Exercise 1 Let \(X\) be an irreducible aperiodic Markov chain on a finite number of states, started at the state \(s\). Show without using any fancy limit theorems, that \(\mathbb{E} T < \infty\), where
\[T = \inf\{ n \geq 1: X_n =s\}.\]
Exercise 2 Let \(N\) be a Poisson process on \([0, \infty)\). Fix \(T >0\). Show that \(R(t) = N(T-t)\) is a Poisson process on \([0, T]\).

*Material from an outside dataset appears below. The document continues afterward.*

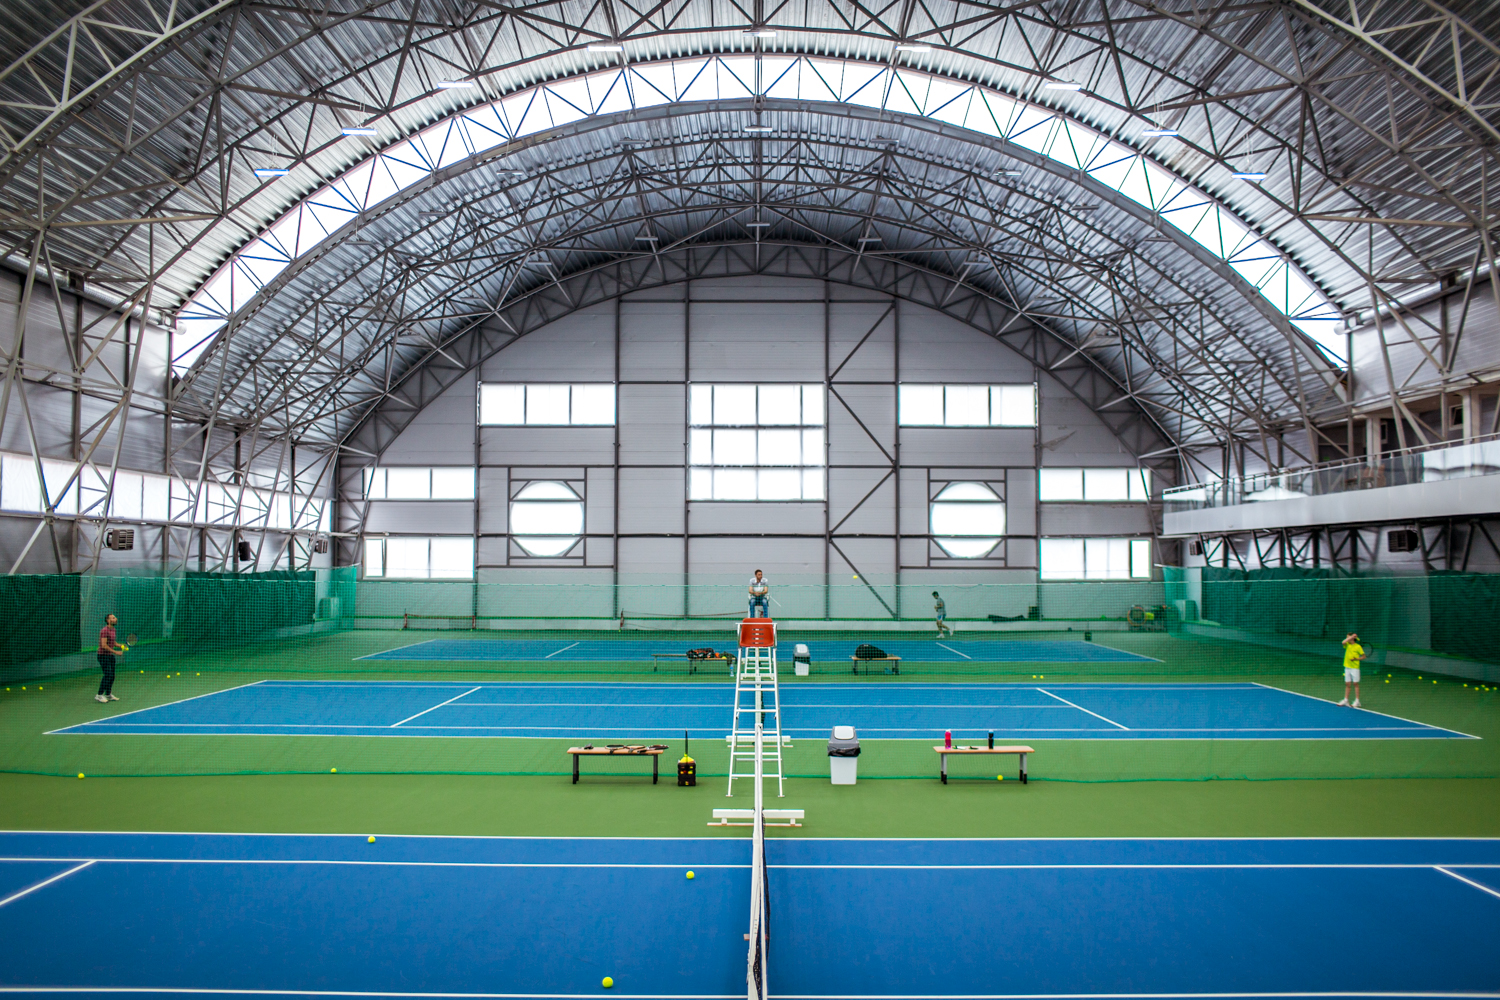 Tennis centre

Hint: appeal to appropriate construction of Poisson processes.
Exercise 3 By brute force, show that for a \(M(\lambda)/M(\mu)/1\) queue that is started with at stationarity, so that the number of items in the system at time any time \(t\) has distribution
\[\mathbb{P}(Q(t) = n) = \rho^n(1-\rho)\]
has the property that an arrival waits time \(W\) until being served, where \(W\) has law
\[ \mathbb{P}(W \leq x) = 1- \rho e^{-x(\mu - \lambda)}.\]
Exercise 4 We say that a continuous-time Markov chain with generator-(Q matrix) \(G\) is reversible with respect to the probability measure \(\pi\) if
\[ \pi_i g_{ij} = \pi_j g_{ji}\]
for all states \(i,j\).
Show that \(\pi\) must be stationary.
Show the the continuous-time Markov chain corresponding to a \(M(\lambda)/M(\mu)/1\) queue is reversible with respect to its stationary distribution.